The investigation confirmed that the now-deceased Carl Fanning did indeed set out to frame me for his own murder.
An unexpected and surprising new way, in my opinion, to leave this world via suicide by cop.
The bastard died two days after he was taken from my barn.
A bad case of pneumonia and complications related to his other health issues took him out.
During those final two days, he refused to give a statement about how he ended up in my barn or anything else.
It was as if he understood he had lost, and he just shut down.
Based on the testimony of Fanning’s attorney, Alexander Cagle, and that of Walt as well as Janie Hyatt, no evidence of criminal behavior on my part was discovered.
The psychiatric evaluation concluded that I was not aware of my interactions with Fanning after he imprisoned himself on my property, and, therefore, I was not criminally liable for whatever events occurred during that time.
However, that same conclusion called to question my mental fitness for duty.
Completely understandable. I love being a cop, so maybe one day I will get back to it.
Though Olivia Newhouse is my legal name, I am not Olivia Newhouse.
Olivia Newhouse died at home when she was fifteen years old after being in a coma for two years.
I have no idea what my real name is or who my biological parents were.
Given the situation, I have chosen to keep the name Olivia, but I am a Preston now.
I smile at my husband as he and Walt laugh over glasses of champagne.
Walt has been assigned to desk duty due to his heart condition.
No more going into the field for him. His cardiologist is certain he will continue to do well as long as he sticks to his meds, a strict diet, and exercise.
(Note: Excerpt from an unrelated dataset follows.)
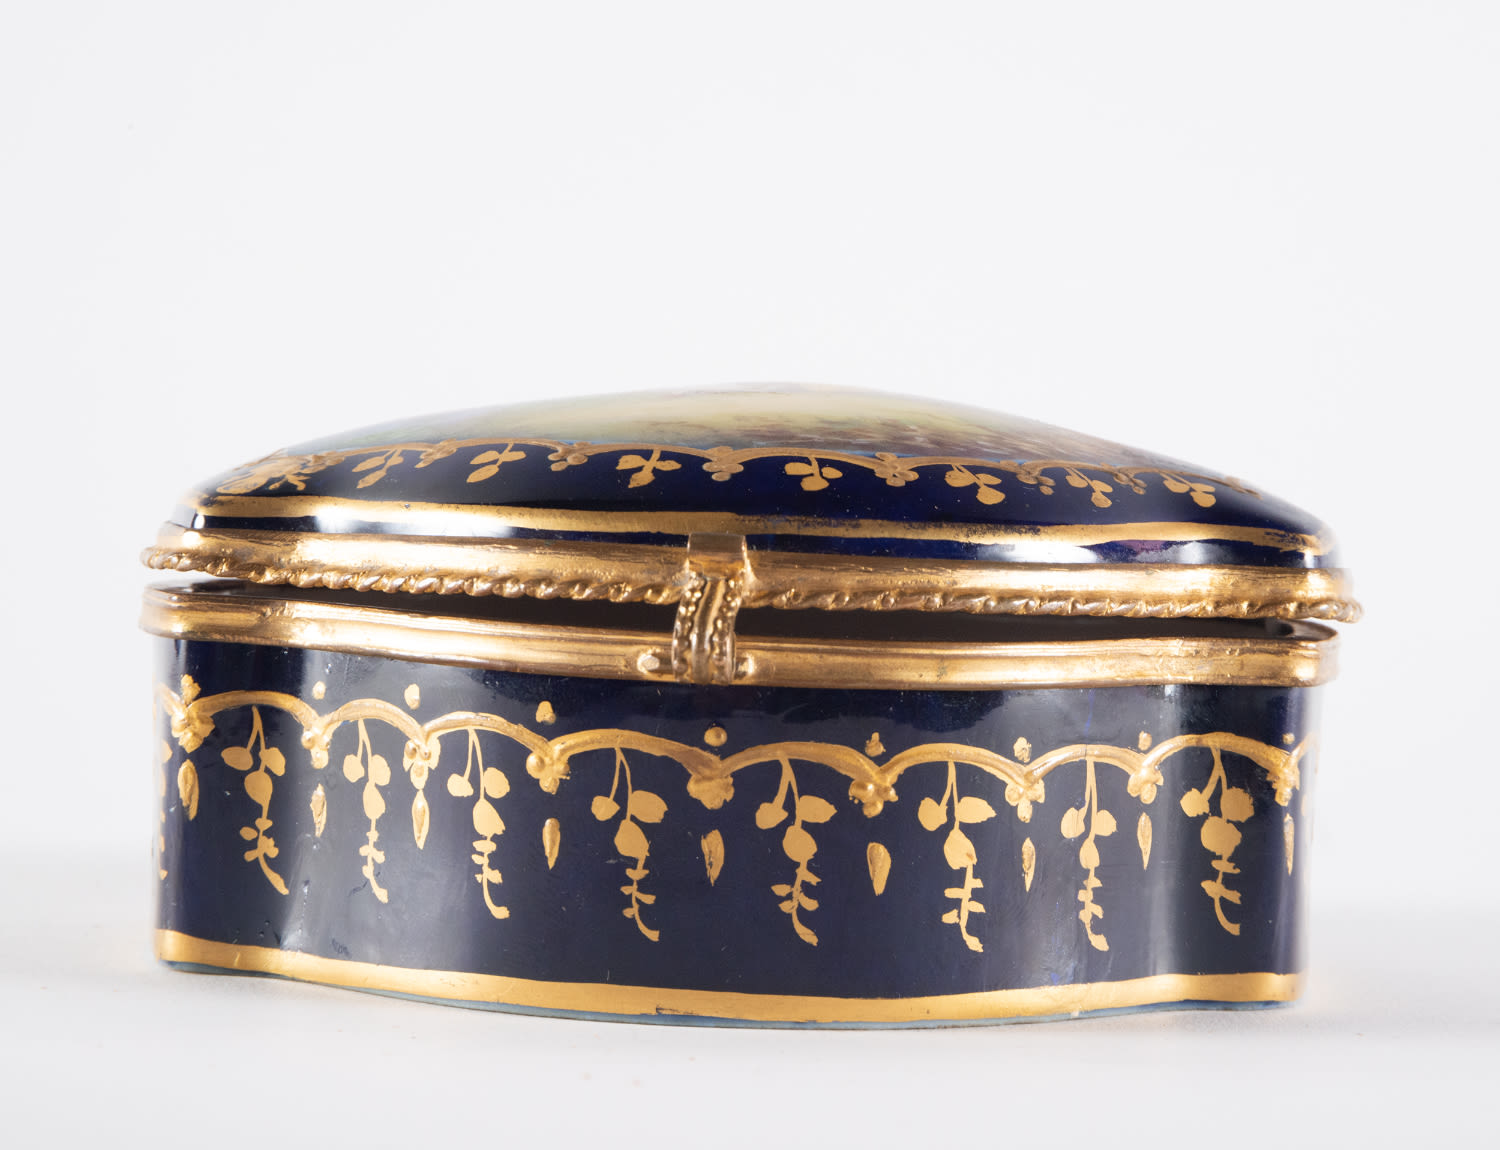 Enamelled Sèvres porcelain jewelry box, 19th century, Tuileries series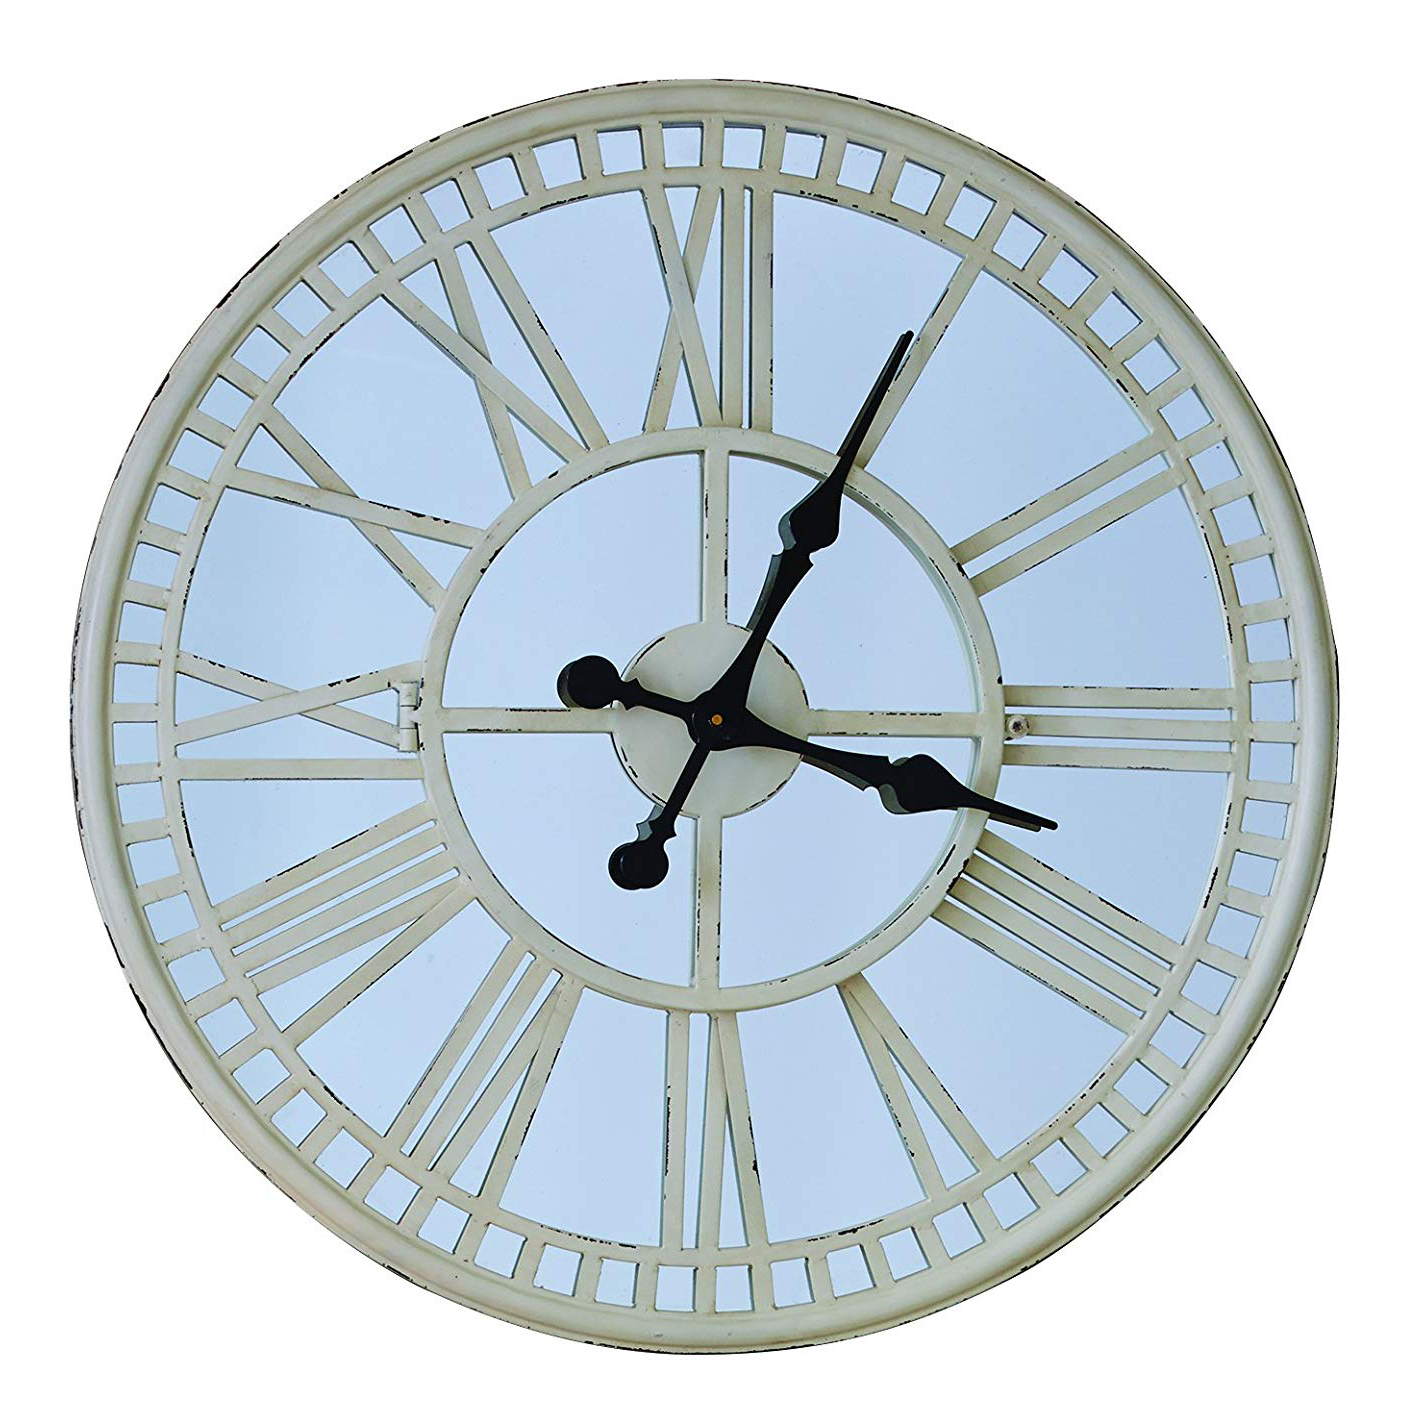 Metal round shape mirrored wall clock

I am making sure he does exactly that.
As for the victims who banded together in the hope of ending Fanning, Walt tossed their signed statements.
No one else had seen them except for the officer who left them on Walt’s desk, and he didn’t read them.
Their confessions were never added to the case file.
Walt and I decided they had suffered enough.
Thankfully, the DA decided not to go after them for harassment or any other charges.
Hyatt’s burned barn and stolen truck was all Fanning.
At least, that’s how the report was written, and no one is questioning it.
All involved can go on with their lives.
Case closed.
Is any part of what we did wrong? Maybe. But we’re not looking back on that one, either.
David ushers me over to where the cake is being sliced and served.
I lean close and inhale the scent of him, so very grateful that I didn’t ruin our relationship with my secrets.
My therapist also helped me to see that David’s attempts to stop our relationship from falling apart triggered the child I once was to fight against the perceived domination.
Poor guy. He really was getting the worst of me.
I smile as he passes me a slice of cake.
Just watching how happy he is makes me happy.
In addition to all the psychiatric testing and therapy I’ve endured the past few months, I’ve also dealt with the other necessary tests, including for HIV, since I was in close contact with Fanning. I am good. No worries about that.
This is just the beginning of my new life.
The life I’ve led until now belonged to someone else.
In truth, I suppose you could say I’ve died twice and been resurrected.
This time, this life will be all mine. My goal is to figure out the motherhood thing so I can be the best mother possible for my child.
I don’t really know how normal people take care of normal children.
I’ve never really been normal; certainly none of the people involved with the first three decades of my life could be labeled as normal.
I want this child to have a real normal . . . whatever that is.
Lucky for me, I have a big, loving family. I look from David to Walt and the other people gathered in this room. Who could ask for more?
Life is good, and I am looking only forward.